Debo enfatizarlo: este par de escritores, a quienes el destino les deparaba el Premio Cervantes de Literatura, fueron grandes amigos incluso en las diferencias. Lo enfatizo porque hoy, en un país terriblemente polarizado, hay quienes ponen a Elena en un lado y a Paz en el otro extremo. Nada más lejos de la verdad. En 1977, Paz se refiere a su estancia en Europa y escribe:

Durante esos años en París a veces pensaba en el regreso a México y me repetía, mentalmente, aquellos versos de Tablada dedicados a López Velarde: “Qué triste será la tarde, / cuando a México regreses / sin ver a... Xavier Villaurrutia”. Terminé por regresar, nueve años más tarde. Nuevos amigos: Carlos Fuentes, Jorge Portilla, Ramón y Anna Xirau, Elena Poniatowska, Jaime García Terrés.3

Por eso es tan importante leer y releer el libro Octavio Paz: Las palabras del árbol, de Elena Poniatowska, en el cual demuestra que, incluso en los desacuerdos (que son el rasgo más importante de la democracia y la pluralidad) se puede cultivar el afecto y la amistad, como los cultivaron Poniatowska y Paz, quien le dijo: “Es más fácil deshonrar a nuestro interlocutor que refutarlo” y, en cuanto a mundos perfectos, le recordó: “Querida Elena, nadie puede vivir en el paraíso, es imposible”.

En el prólogo a la edición en inglés de La noche de Tlatelolco, Paz afirmó: “El arte de escribir implica dominar antes el arte de oír, un arte sutil y difícil, pues no sólo exige finura de oído, sino sensibilidad moral: reconocer, aceptar la existencia de los otros”.
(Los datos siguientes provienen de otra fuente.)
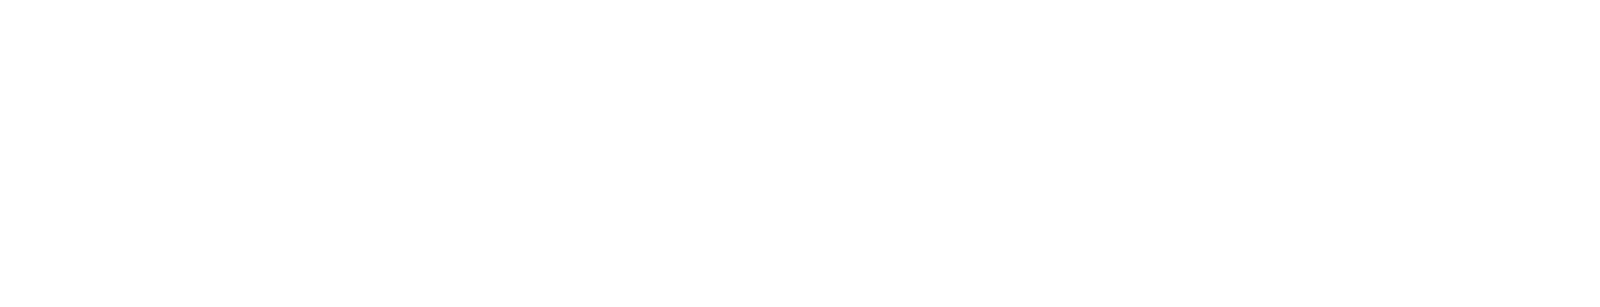 Neoen logo large for dark backgrounds (transparent PNG)

Y distingue “dos razas de escritores: el poeta oye una voz interior, la suya; el novelista, el periodista y el historiador oyen muchas voces afuera, las de los otros.4

No es por nada que, cuando recibió el Premio Cervantes, haya evocado una certidumbre de Sor Juana Inés de la Cruz, la monja del siglo XVII: la única batalla que vale la pena es la del conocimiento

POCOS ELOGIOS fueron tan categóricos como los que Paz destinó a Elena Poniatowska. Sus palabras están tan frescas y vivas como hace medio siglo, cuando las plasmó:

Elena Poniatowska se dio a conocer como uno de los mejores periodistas de México y un poco después como autora de intensos cuentos y originales novelas, mundos regidos por un humor y una fantasía que vuelven indecisas las fronteras entre lo cotidiano y lo insólito. Lo mismo en sus reportajes que en sus obras de ficción su lenguaje está más cer-ca de la tradición oral que de la escrita. En La noche de Tlatelolco pone al servicio de la historia su admirable capacidad para oír y reproducir el habla de los otros. Crónica histórica y, asimismo, obra de imaginación verbal.5

Octavio Paz no es santo de la devoción de un sector que ­—me atrevo a decirlo— en gran medida ni siquiera lo ha leído o prefiere deshonrarlo ante la incapacidad de refutarlo. Desde El laberinto de la soledad y otros libros, Paz advertía lo que también mencio-na en el prólogo del libro de Elena: engañados y burlados por muchos años, los mexicanos siempre estamos esperando a un redentor. Y a lo largo del siglo XX y parte del XXI, cada sexenio creemos encontrarlo, ¡ahora sí!, pero después de las promesas y las campañas se produce una suerte de petrificación de la imagen pública del gobernante en turno, “que deja de ser un hombre para convertirse en un ídolo”. Paz concluye que, “acostumbrados al monólogo e intoxicados por una retórica altisonante que los envuelve como una nube, nuestros presidentes y dirigentes difícilmente pueden aceptar que existan voluntades y opiniones distintas a las suyas”.6

Traigo esto a cuento porque, aunque ella siempre ha simpatizado con el gobierno actual, bastó una breve opinión en enero de 2021 para que se desencadenara una lapidación digital contra ella. Dijo que, con sus conferencias matutinas diarias, “el presidente ya nos tiene a todos al borde de la irritación social”, y aunque el presidente únicamente respondió mandándole un abrazo, el linchamiento virtual, el insulto y la injuria de los incondicionales al presidente, más papistas que el Papa, prefirieron deshonrarla que refutarla, pues refutarla implicaba reflexionar.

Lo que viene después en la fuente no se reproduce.